29. COMMENT: The dates which limit winter work are not justified.
RESPONSE: The proposed Strategy and Basin Plan amendment contains dates in the Garcia River Sedimentation Reduction Plan section. These dates provide recommended procedures for general land use activities in the riparian management zone. If a landowner wishes to manage his land use in the riparian zone outside of the recommended dates, he has the option of submitting a Site-Specific Sedimentation Reduction Plan which will provide his own proposal for controlling excess sedimentation.
30. COMMENT: Implementation measures such as the tree retention requirements have no direct bearing on sediment delivery.
RESPONSE: All of the measures proposed in the Garcia River Watershed Sedimentation Reduction Plan have an influence on sediment delivery either through direct reduction (e.g., road construction standards) or indirect reduction (e.g., sediment filtering through the riparian zone). Tree retention in the riparian management zone provides for recruitment of large woody debris which serves to control in-channel transportation of sediment and to influence channel structure positively.

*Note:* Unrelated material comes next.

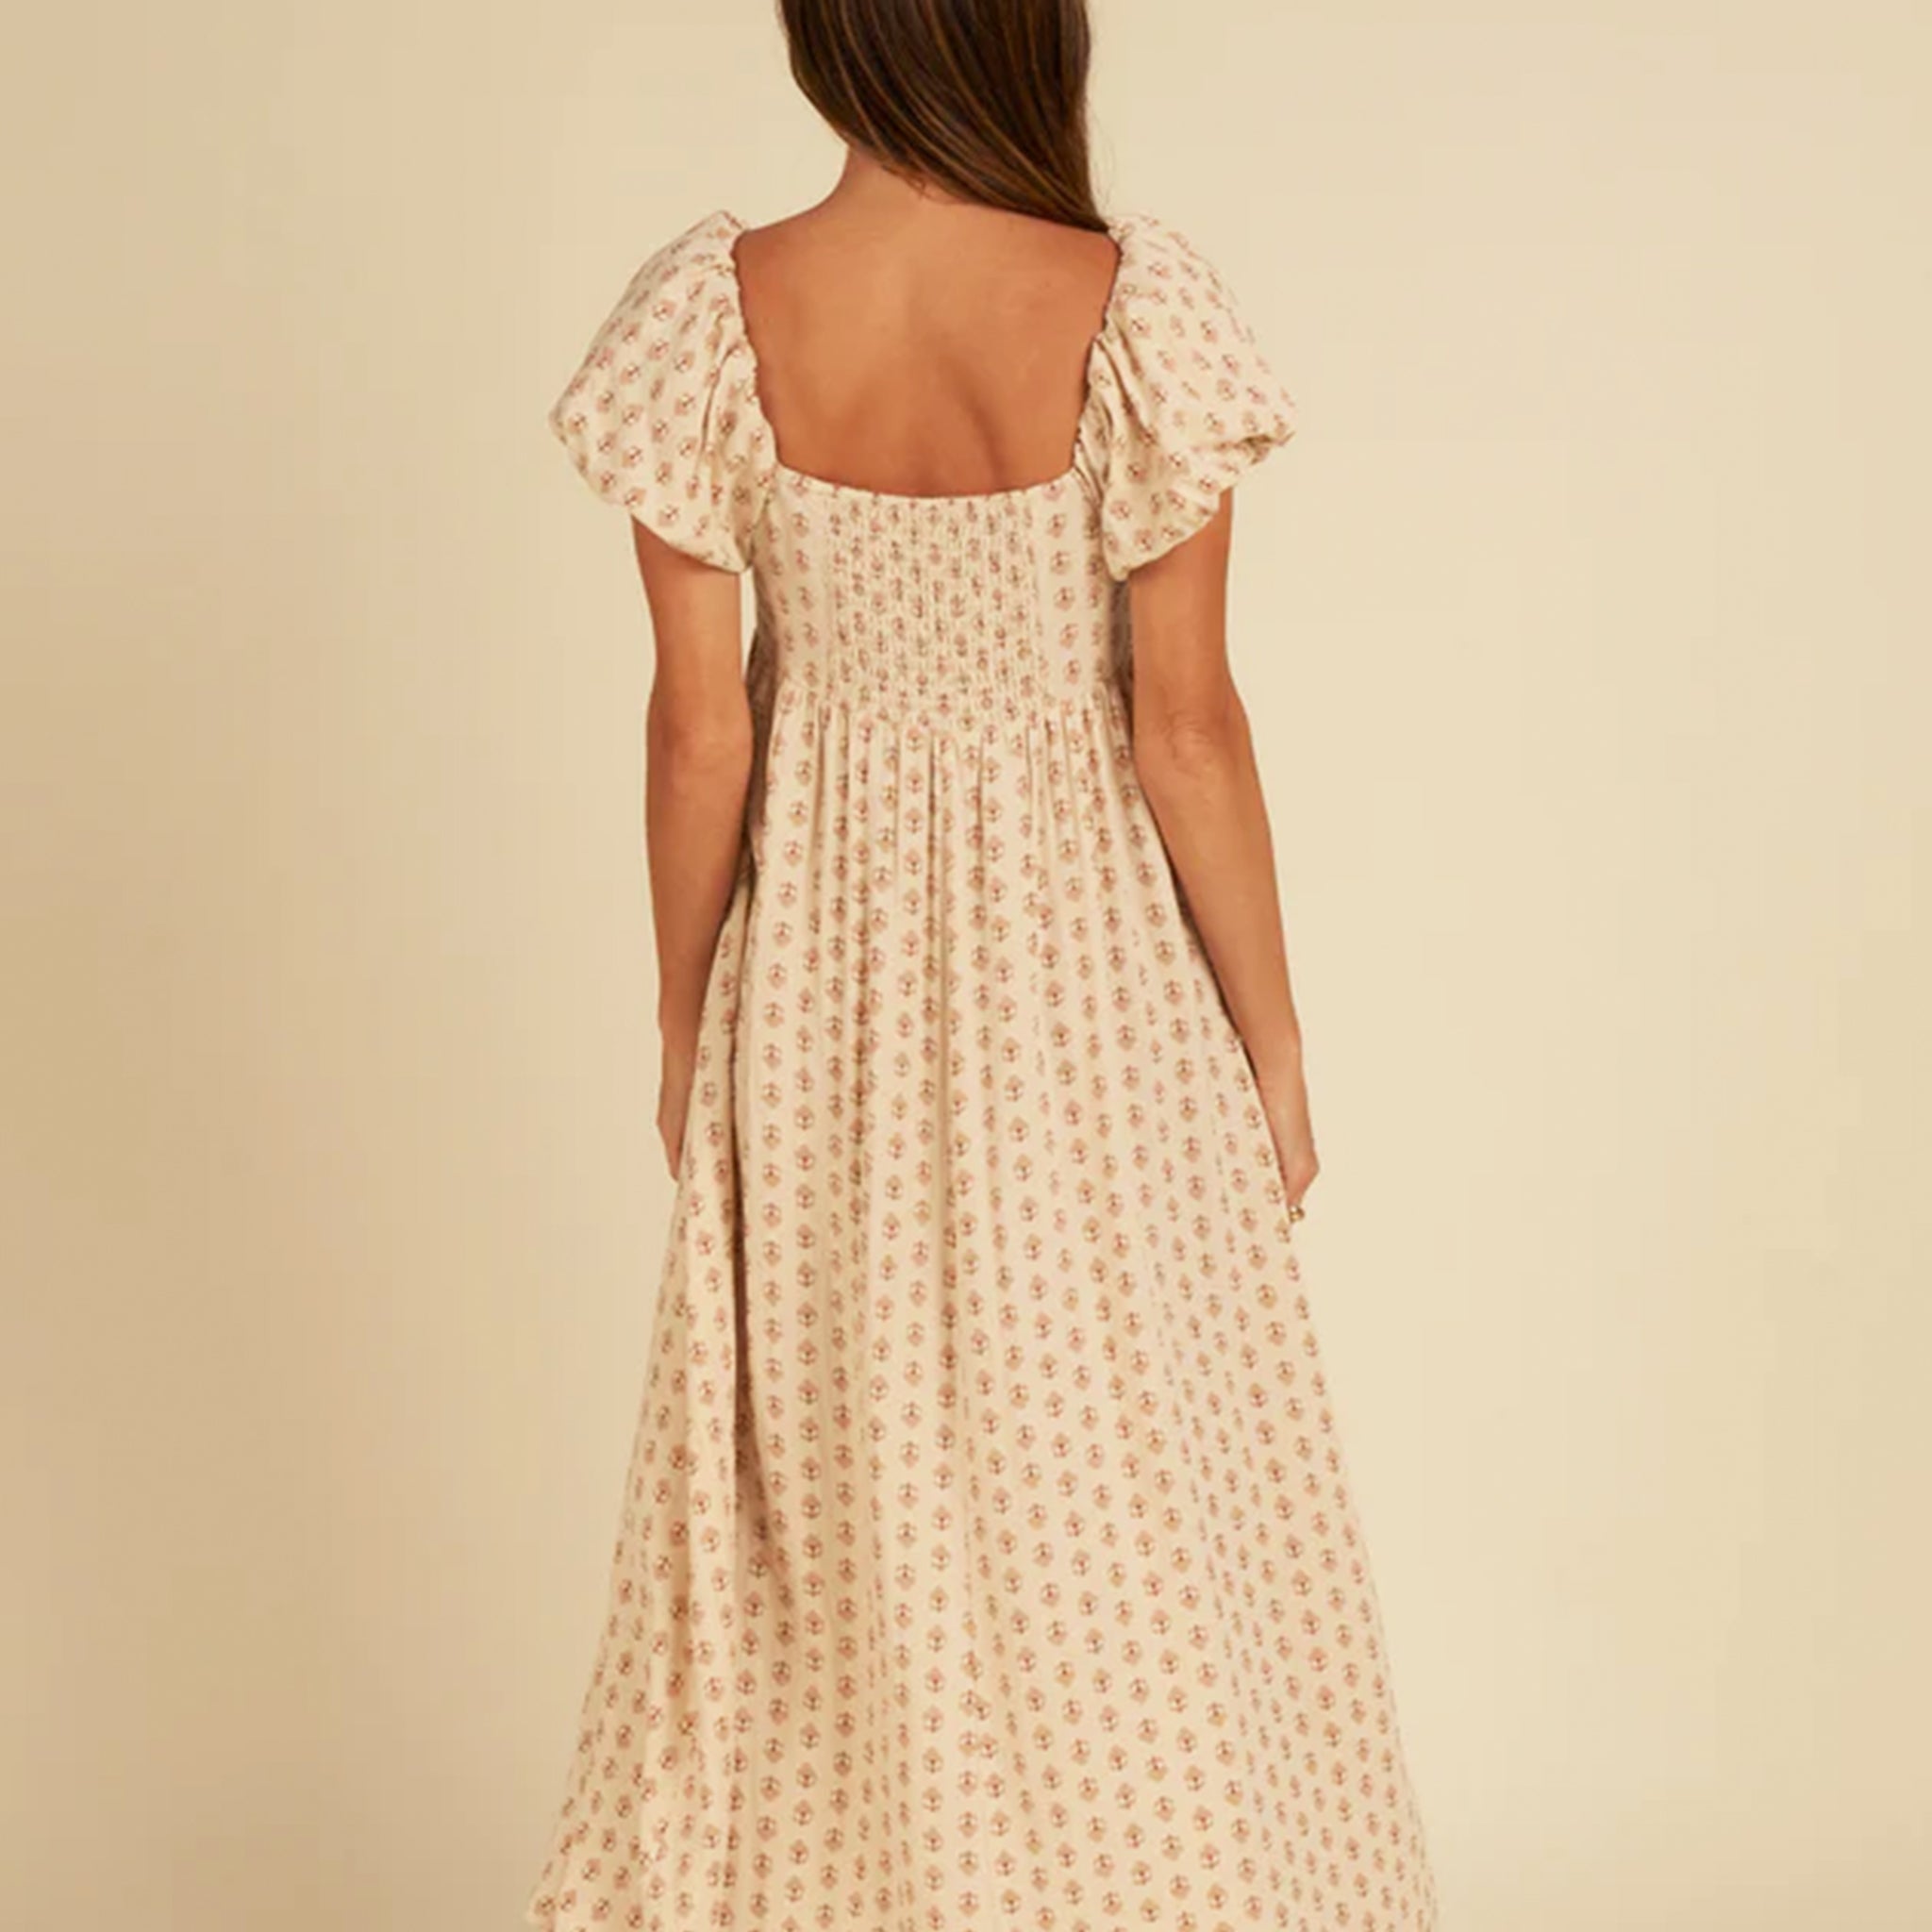 A neutral colored vintage floral print maxi dress with a square neckline and puffy short sleeves.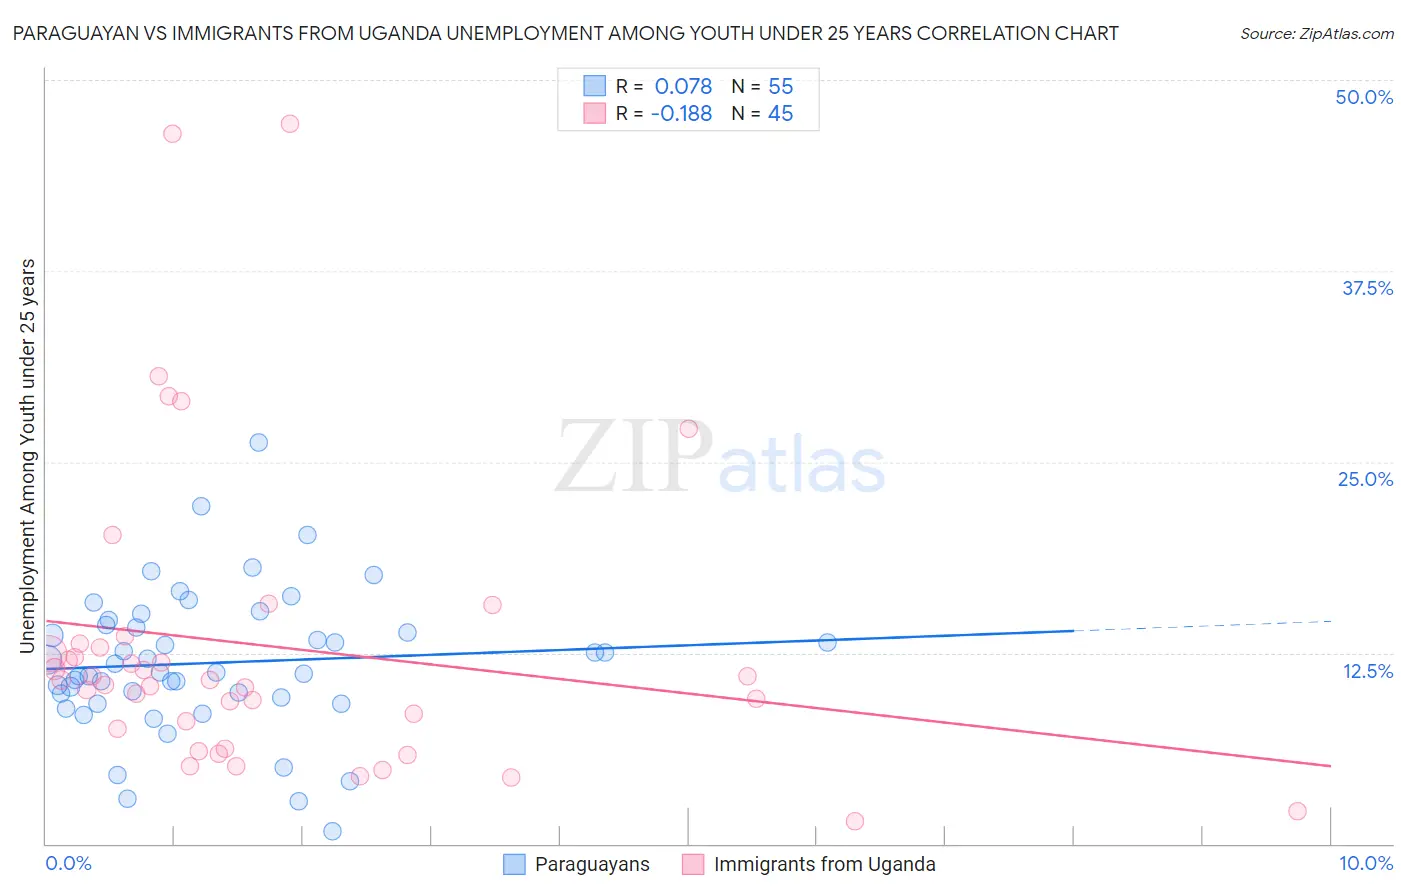 Paraguayan vs Immigrants from Uganda Unemployment Among Youth under 25 years

Tree retention, along with shrubs and forbs, also serves to control the delivery of sediment through the riparian zone by filtering sediment.
Comments on the need for technical and financial assistance
31. COMMENT: Landowners need technical assistance.
RESPONSE: Regional Water Board staff and others are available to provide technical assistance when requested. The proposed Strategy includes a list of formal and informal sources of technical assistance.
32. COMMENT: The annual reporting and inventory requirements need to be funded.
RESPONSE: Much of the inventory described in the proposed Strategy and Basin Plan amendment is basic to good land stewardship and may already be anticipated by a landowner. Other regulatory programs, such as Timber Harvest Review, require inventories that the landowner may submitted to the satisfy the reporting and inventory requirements of the proposed Strategy and Basin Plan amendment. The Education and Assistance Section of the proposed Strategy identifies funding options that might be used.
33. COMMENT: The economic impacts will be excessive.
RESPONSE: The discussion of economics contained in the Staff Report includes the perspectives of both resources protection and estimated costs of compliance to the proposed Basin Plan amendment. The discussion used comments received from the State Water Board Economic Analysis Unit of the Office of Statewide Consistency that indicated in fact that the loss of fishery in the Garcia River exceeds the costs of implementing the proposed Basin Plan amendment.
34. COMMENT: The time frames are unreasonable.
Comments on the proposed Basin Plan amendment
35. COMMENT: The Garcia River Watershed Sedimentation Reduction Plan will become enforceable once it is in the Basin Plan.
RESPONSE: The Strategy and the corresponding Basin Plan amendment state
that the Garcia River Watershed Sedimentation Reduction Plan does not apply
to those landowners who either have an approved Site Specific Sedimentation
Reduction Plan or whose land management activities do not result in the
discharge of sediment. Therefore, by definition, it cannot be enforced
against those categories of landowners. All other landowners must either
implement the Garcia River Watershed Sedimentation Reduction Plan or face
potential enforcement for violations of the prohibitions against discharges
or placement of sediment. The Regional Water Board staff expect that CDF
will apply the Garcia River Watershed Sedimentation Reduction Plan measures,
instead of applying the sediment prohibitions, in approving Timber Harvest
Plans for timber owners who do not have an approved Site Specific Sedimentation
Reduction Plan if there is a potential for their activities to result in
the discharge or placement of sediment.